- [Activity] What is wanted is the full listing, word for word, without its pictures.

#### Supplied data ####

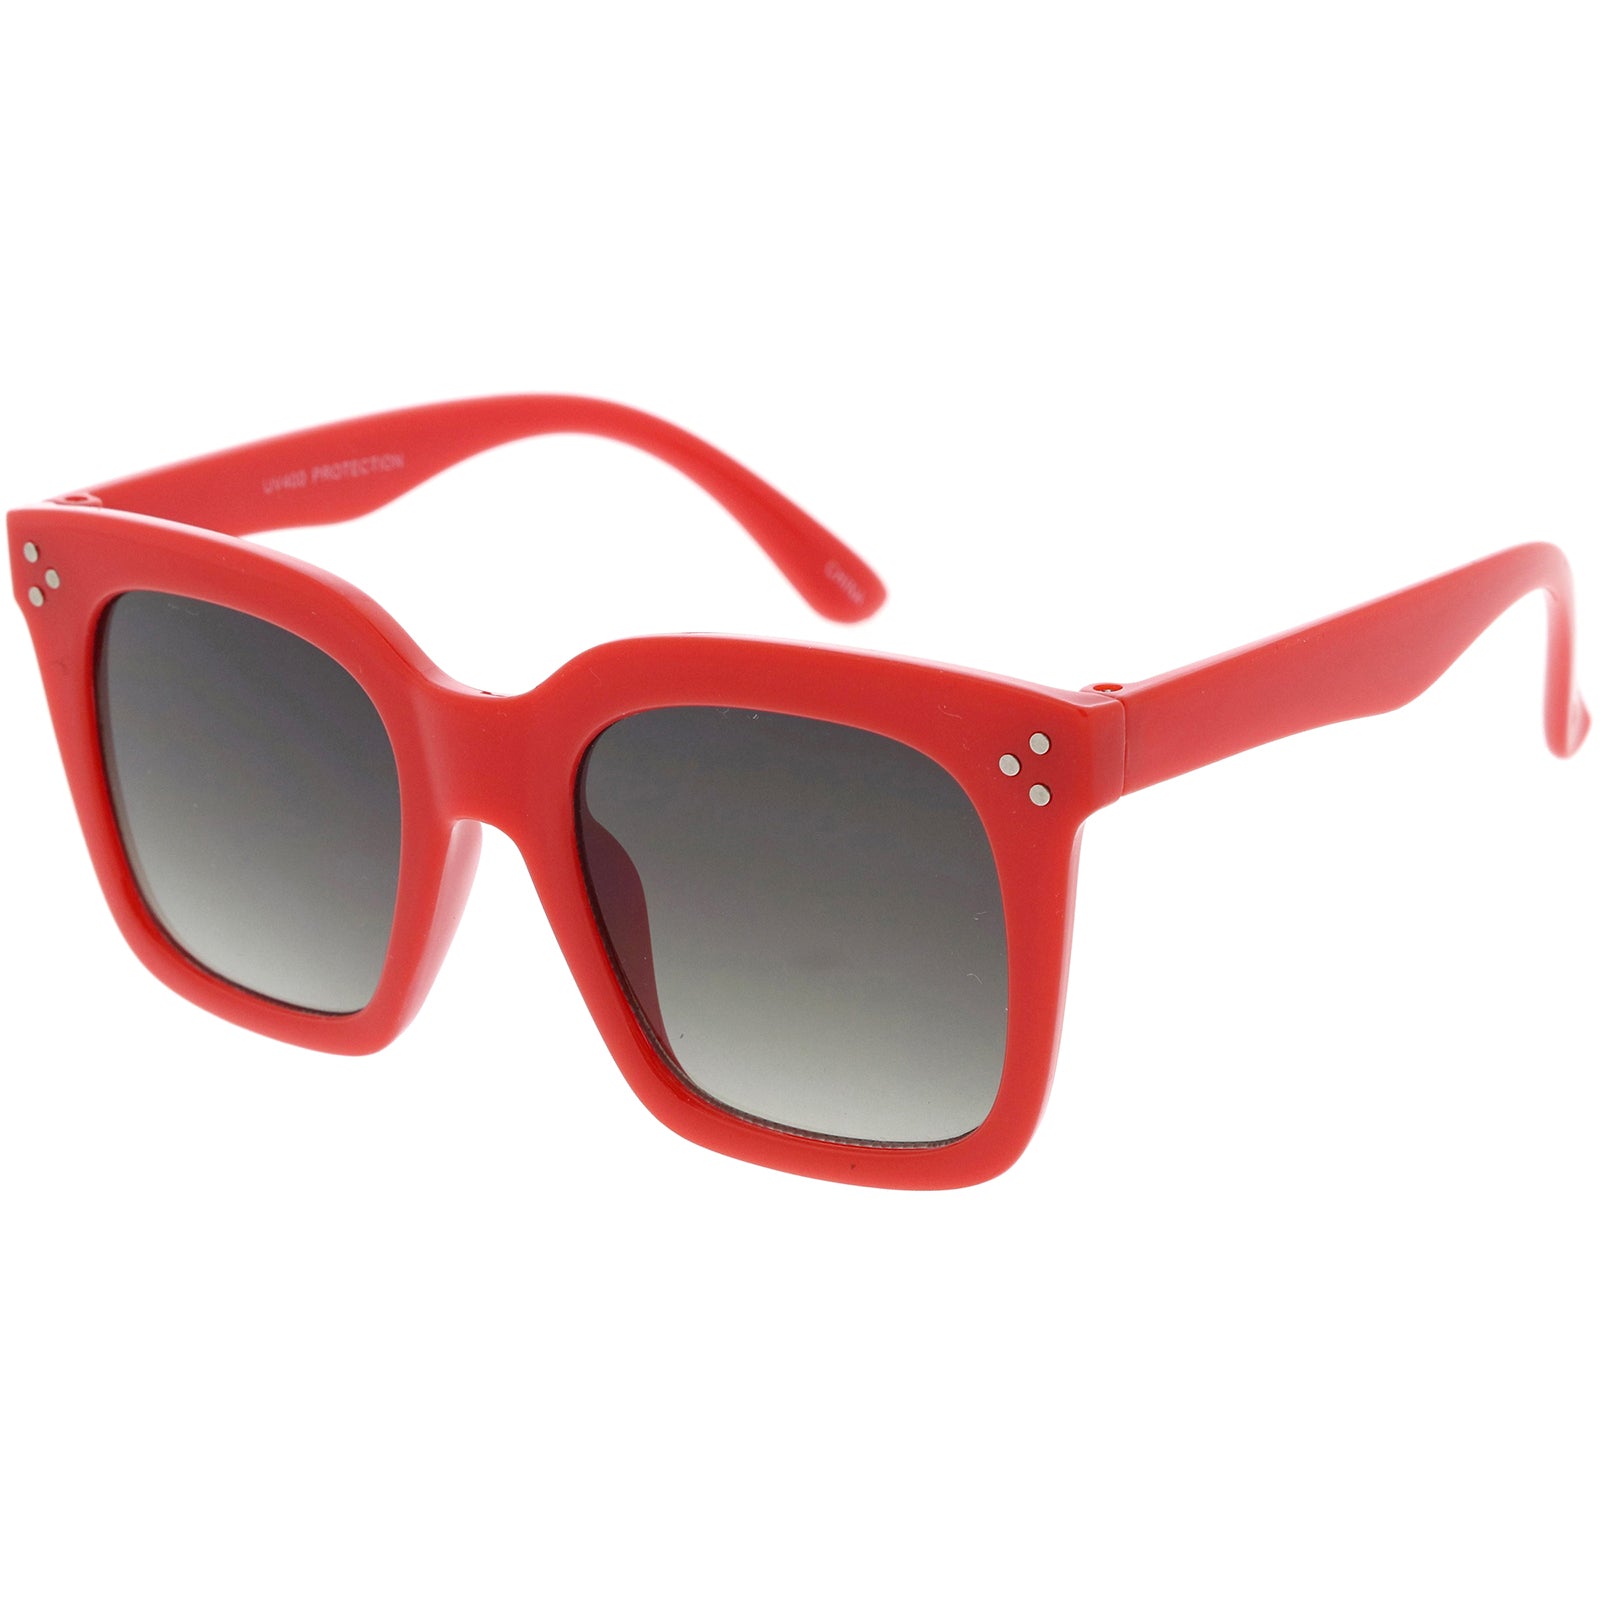 Kids Retro Oversized Square Sunglasses with Flat Lens for Children 45mm
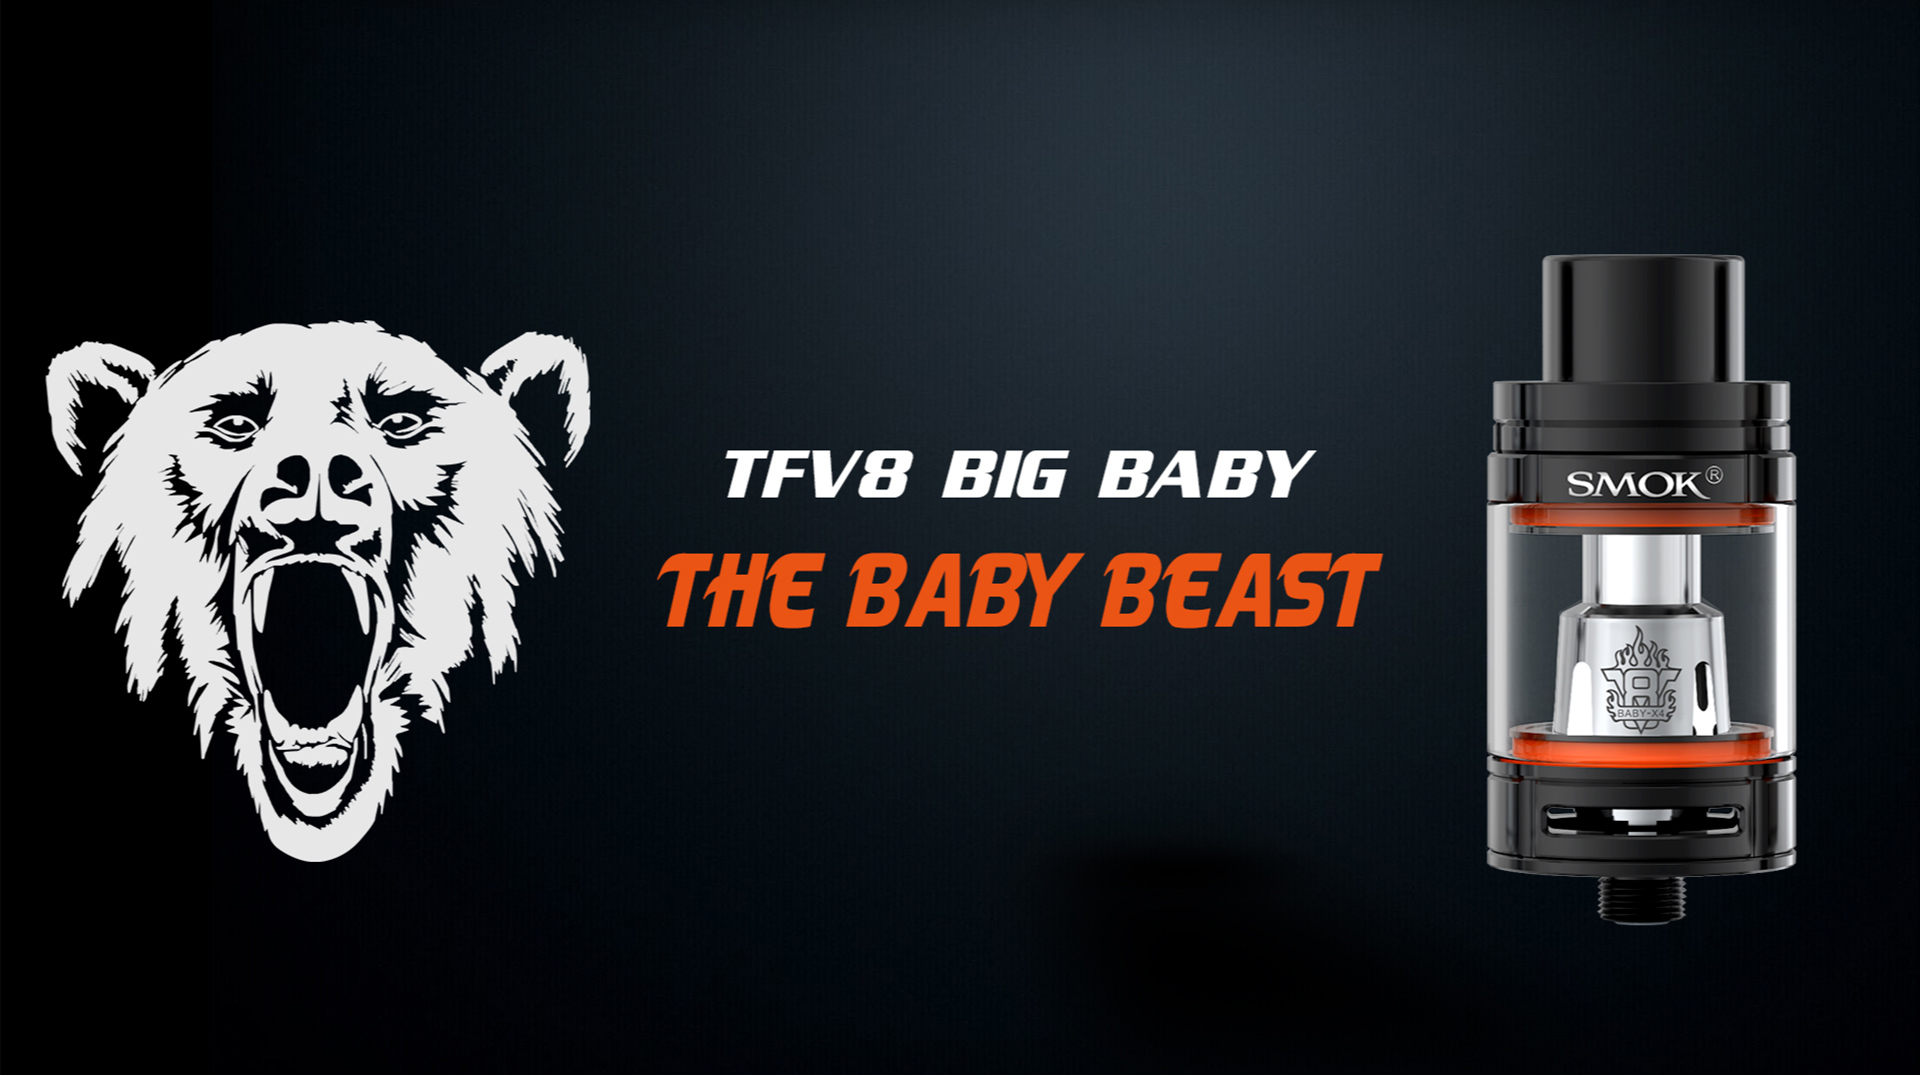 SMOK G320 Marshal Kit&TFV8 Big Baby-The Baby Beast
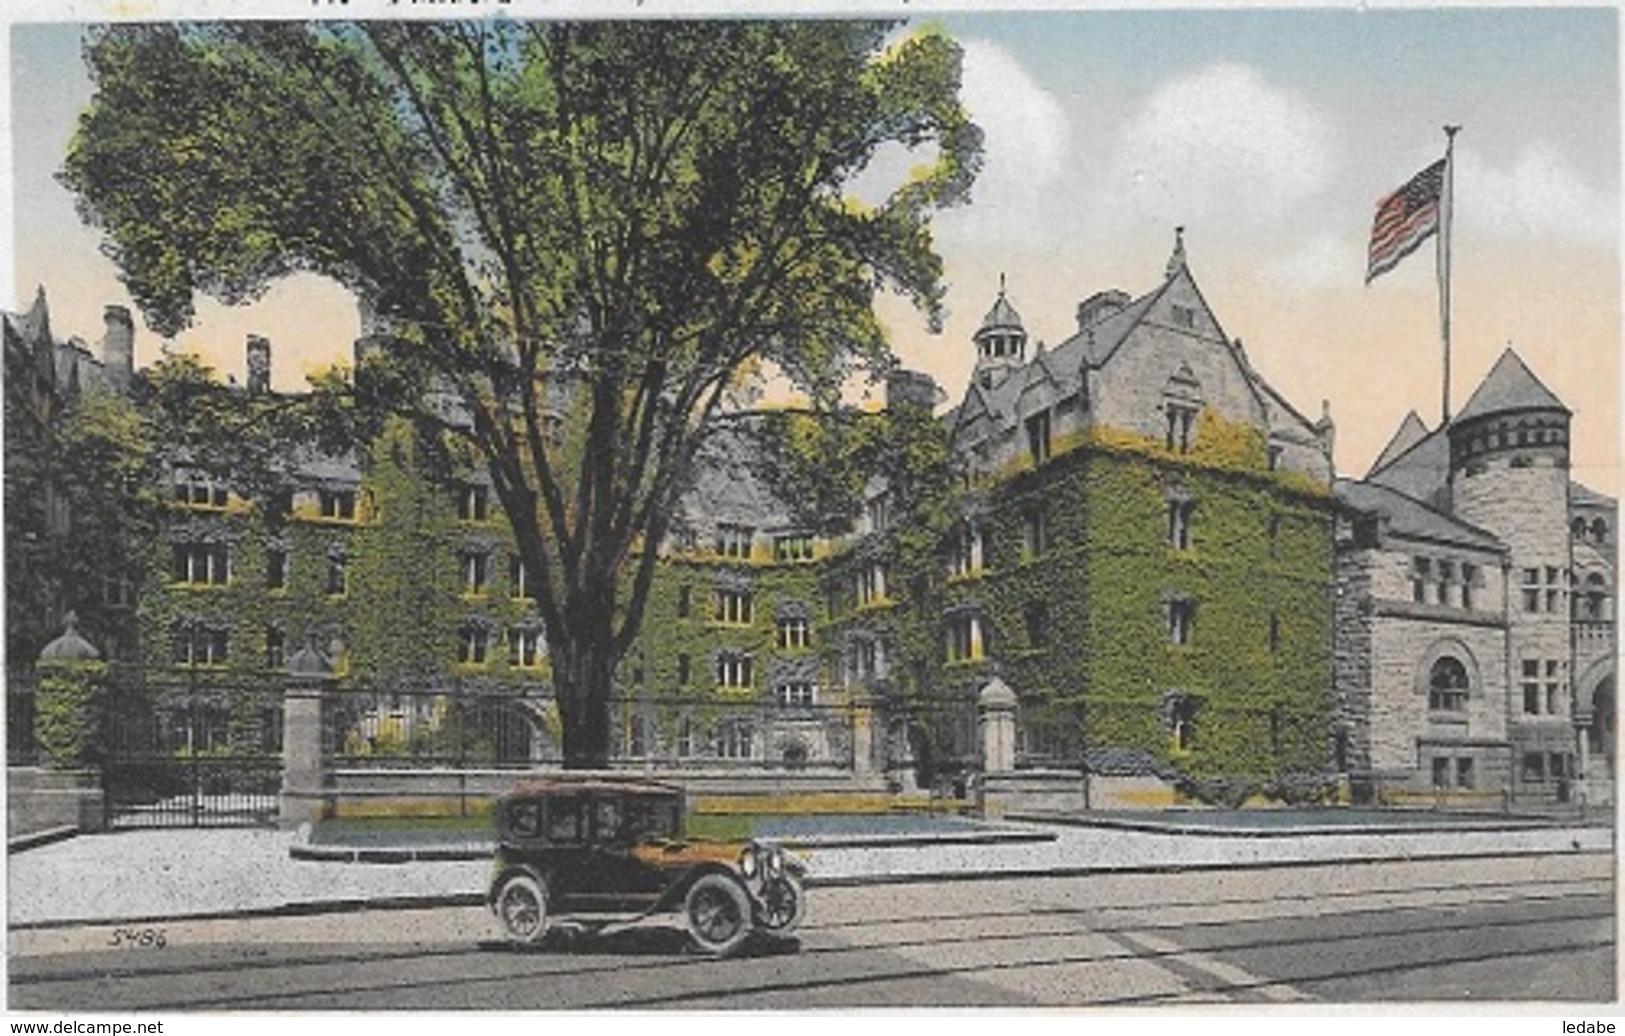 18-167 CPA NEW HAVEN, Vanderbilt Hall, YALE University, écrite, Bon état - New Haven
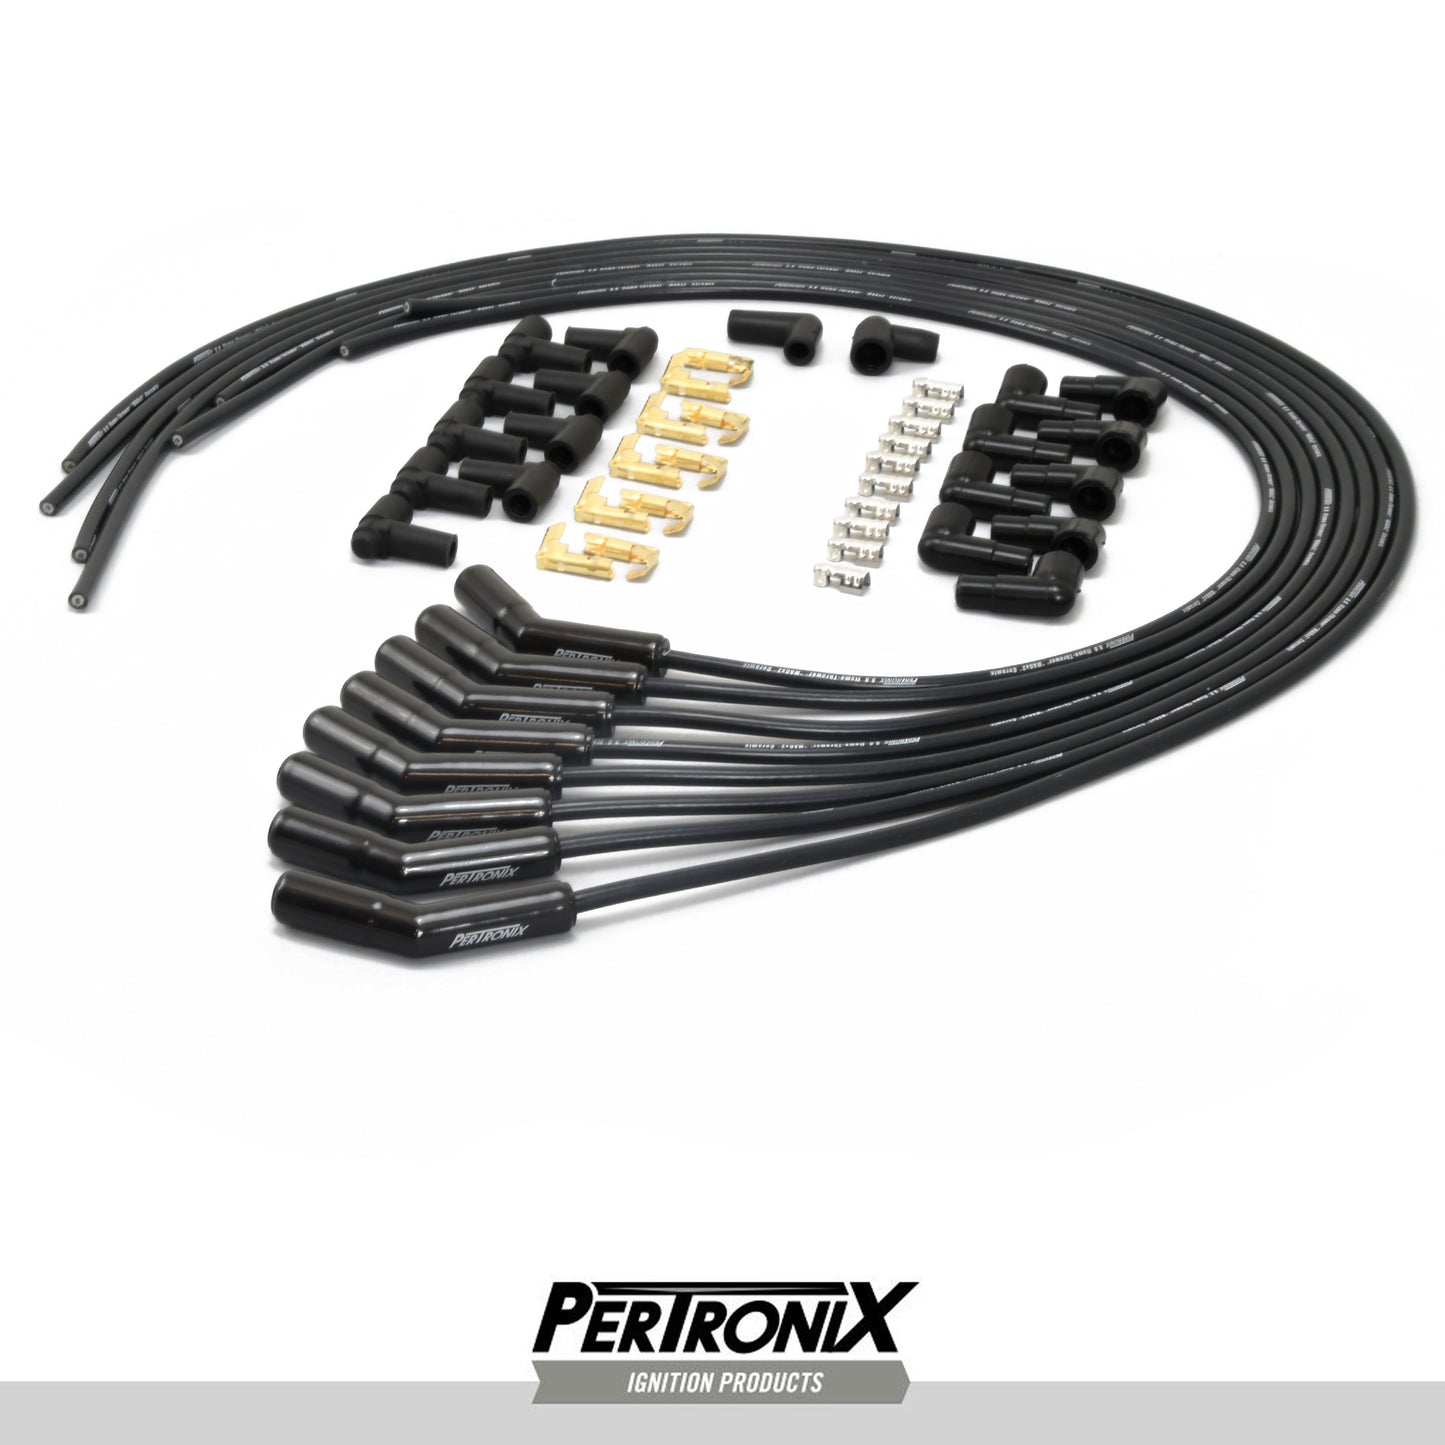 PerTronix 828215HT Flame Thrower Spark Plug Wires Black Ceramic

####

- [Response area]
 Kids Retro Oversized Square Sunglasses with Flat Lens for Children 45mm
 SMOK G320 Marshal Kit&TFV8 Big Baby-The Baby Beast
 18-167 CPA NEW HAVEN, Vanderbilt Hall, YALE University, écrite, Bon état - New Haven
 PerTronix 828215HT Flame Thrower Spark Plug Wires Black Ceramic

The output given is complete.